What the iSLEEPS Collection Contains

The iSLEEPS dataset fills this gap with 100 overnight recordings from adults who had an ischemic stroke within the previous month, all studied at a major neuroscience hospital in Bengaluru, India. Each participant spent a night connected to multiple sensors that captured brain waves, eye movements, muscle tone, heart rhythm, airflow, chest and belly movement, oxygen levels, snoring sounds, and body position. On average, each study lasted about eight hours, and together they add up to nearly 800 hours of data. Trained scorers, supervised by a sleep specialist, reviewed the recordings in 30‑second slices, labeling when the person was awake, in light sleep, deep sleep, or dreaming sleep, and marking breathing pauses, shallow breathing, drops in oxygen, and brief arousals.

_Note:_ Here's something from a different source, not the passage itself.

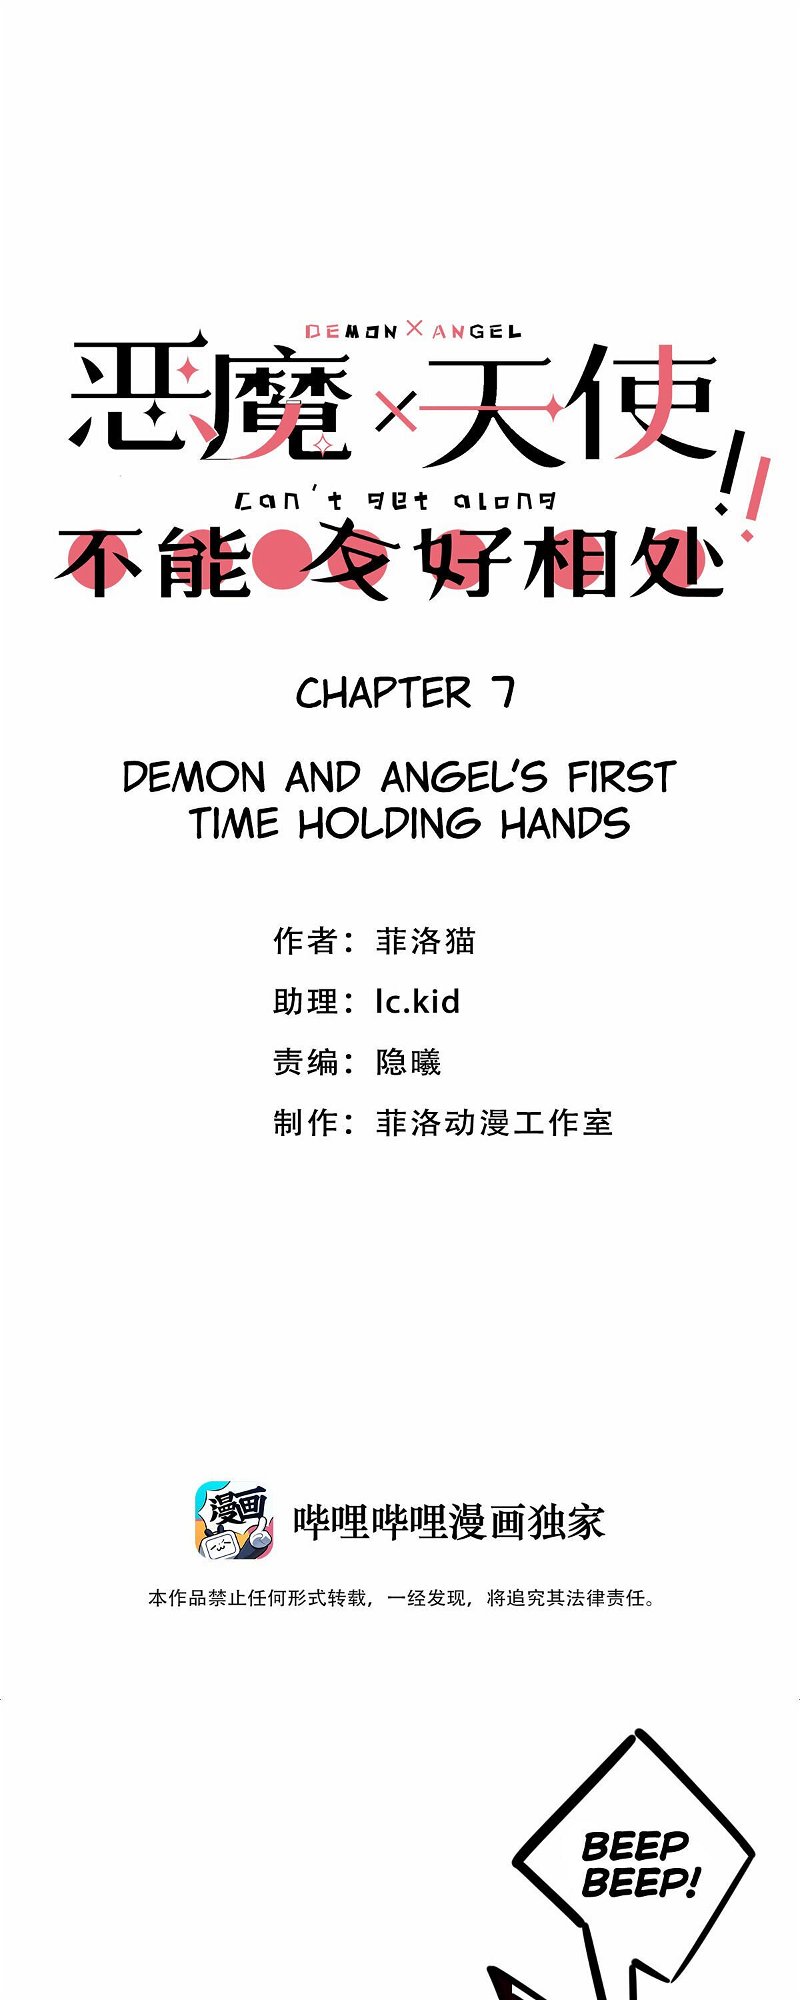 Demon X Angel, Can’t Get Along! Chapter 7 - Page 0

Who the Patients Are and How Their Sleep Looks

The participants represent a real‑world mix of stroke patients: common conditions such as diabetes, heart disease, and obesity were not excluded. The average age is just over 50 years, with more men than women, reflecting the higher risk of sleep apnea in men. Analysis of the recordings shows that breathing problems during sleep are widespread in this group. Only a small minority have normal breathing, while most fall into mild, moderate, or severe apnea categories based on how many breathing disruptions occur per hour of sleep. The dataset carefully tallies different types of events—such as obstructive apnea, when the airway collapses; central apnea, when the brain briefly stops sending breathing signals; and hypopnea, a partial reduction in airflow—along with how often they happen at each severity level.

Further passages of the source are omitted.